SAN FELICE SUL PANARO, Italy -- Workers at the small machinery company had just returned for their first shift following the powerful earthquake earlier this month when another one struck yesterday morning, collapsing the roof.

At least three employees at the factory -- two immigrants and an Italian engineer checking the building's stability -- were among those killed in the second deadly quake in nine days to strike a region of Italy that hadn't considered itself particularly quake-prone.

By late yesterday, the death toll stood at 16, with one person missing: a worker at the machinery factory in the small town of San Felice Sul Panaro. Some 350 people also were injured in the magnitude-5.8 quake north of Bologna in Emilia Romagna, one of Italy's more productive regions, agriculturally and industrially.
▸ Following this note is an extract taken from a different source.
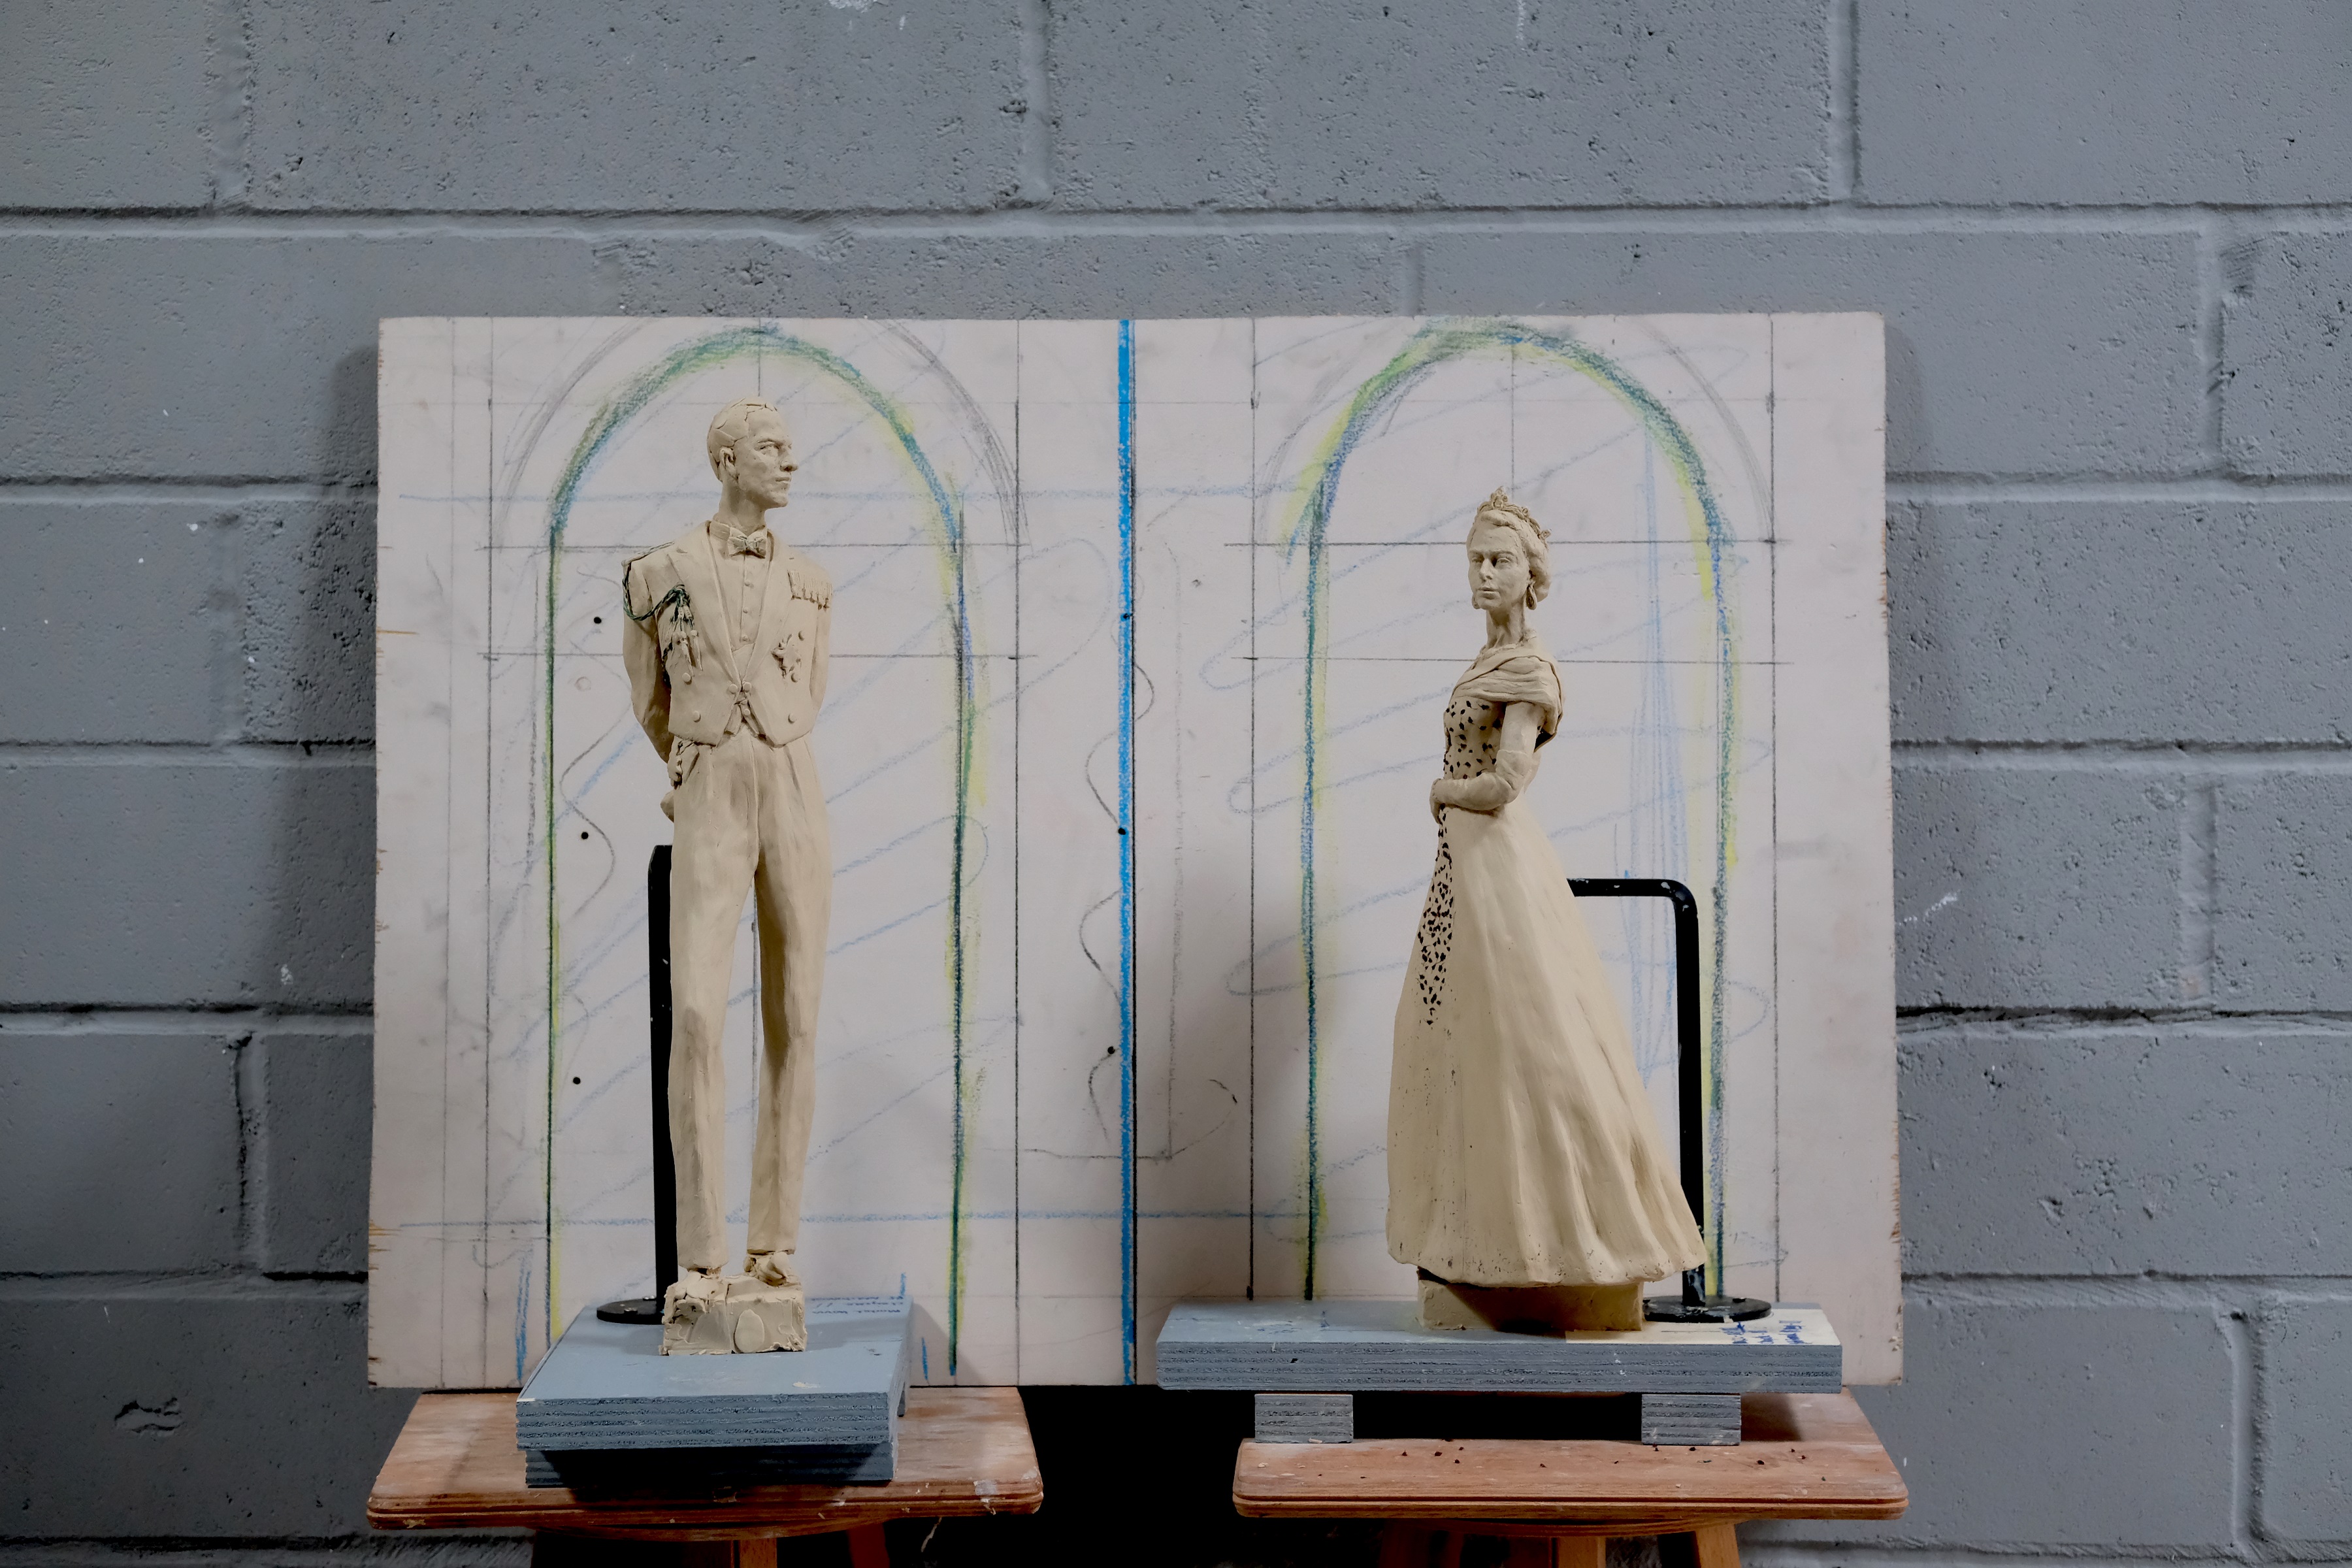 Models of Philip and the Queen made as part of the design process

The injured included a 65-year-old woman who was pulled out alive by rescuers after lying for 12 hours in the rubble of her apartment's kitchen in Cavezzo, another town hit hard by the quake. Firefighters told Sky TG24 TV that a piece of furniture, which had toppled over, saved her from being crushed by the wreckage. She was taken to a hospital for treatment.

The building, damaged in the May 20 quake, had been vacant since. The woman had just gone back inside it in the morning to retrieve some clothes when the latest temblor knocked down the building, firefighters said.
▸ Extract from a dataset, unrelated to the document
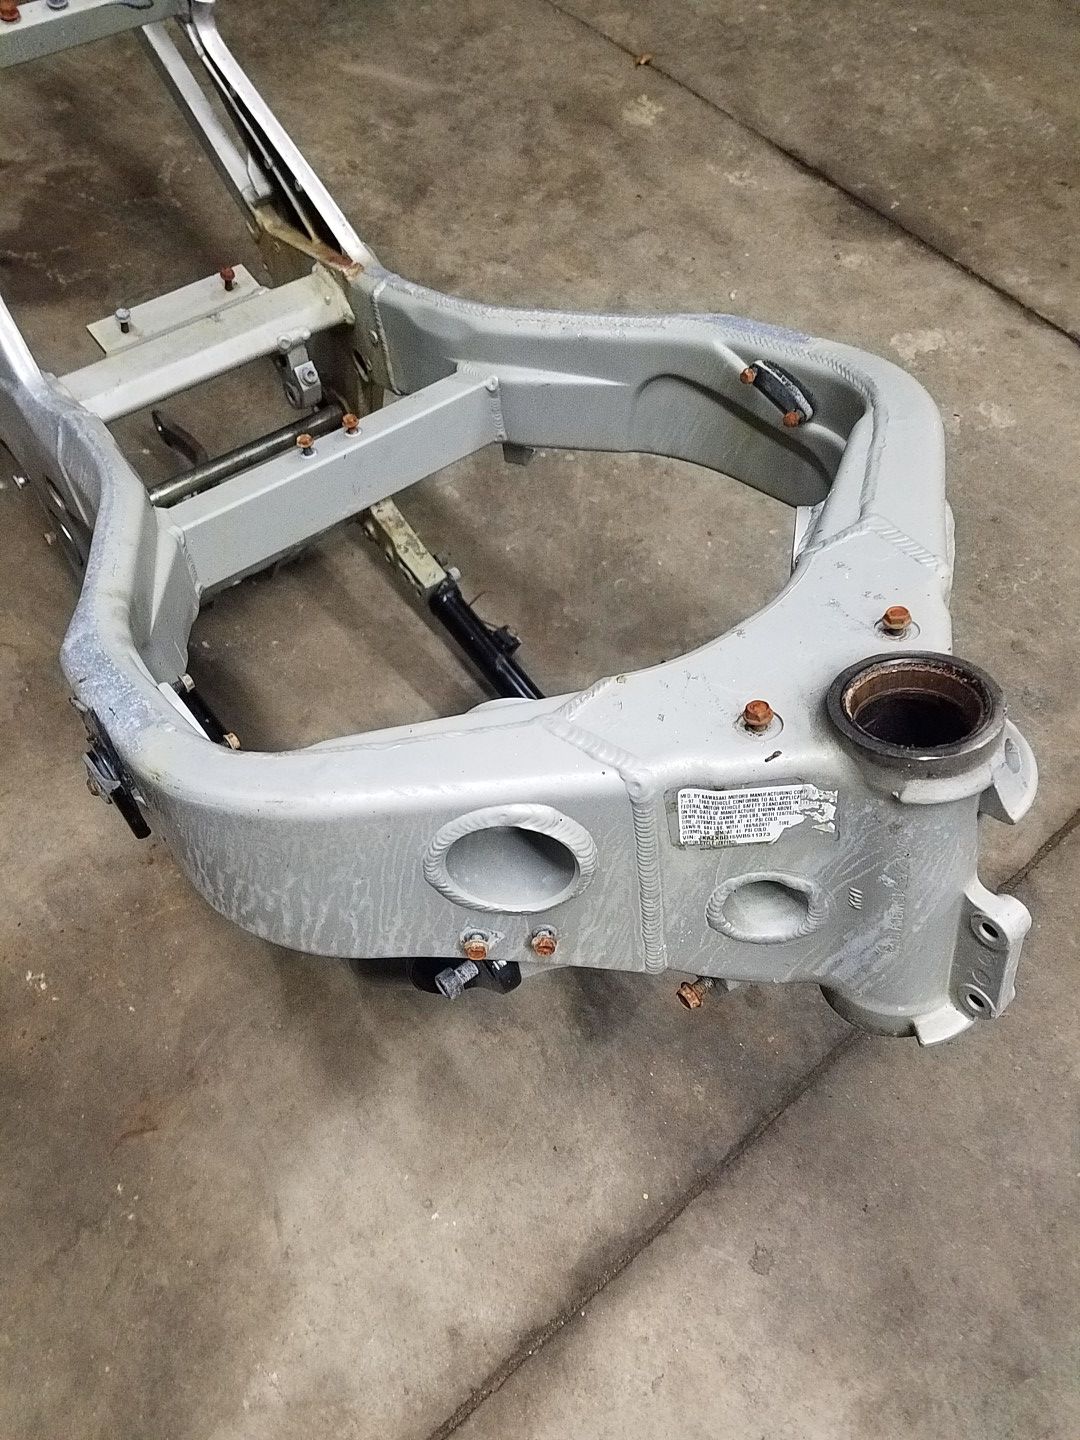 1998 ZX11 MOTORCYCLE FRAME many other parts no title

Factories, barns and churches fell, dealing a second blow to a region where thousands remained homeless from the May 20 temblor, stronger in intensity, at 6.0 magnitude.

The two quakes struck one of the most productive regions in Italy at a particularly crucial moment, as the country faces enormous pressure to grow its economy to stave off the continent's debt crisis. Italy's economic growth has been stagnant for at least a decade, and the national economy is forecast to contract by 1.2 percent this year.

The area encompassing the cities of Modena, Mantua and Bologna is prized for its super car production, churning out Ferraris, Maseratis and Lamborghinis; its world-famous Parmesan cheese, and less well-known but critical to the economy: machinery companies.

As in the May 20 quake, many of the dead yesterday's temblor were workers inside huge warehouses, many of them prefabricated, that house factories.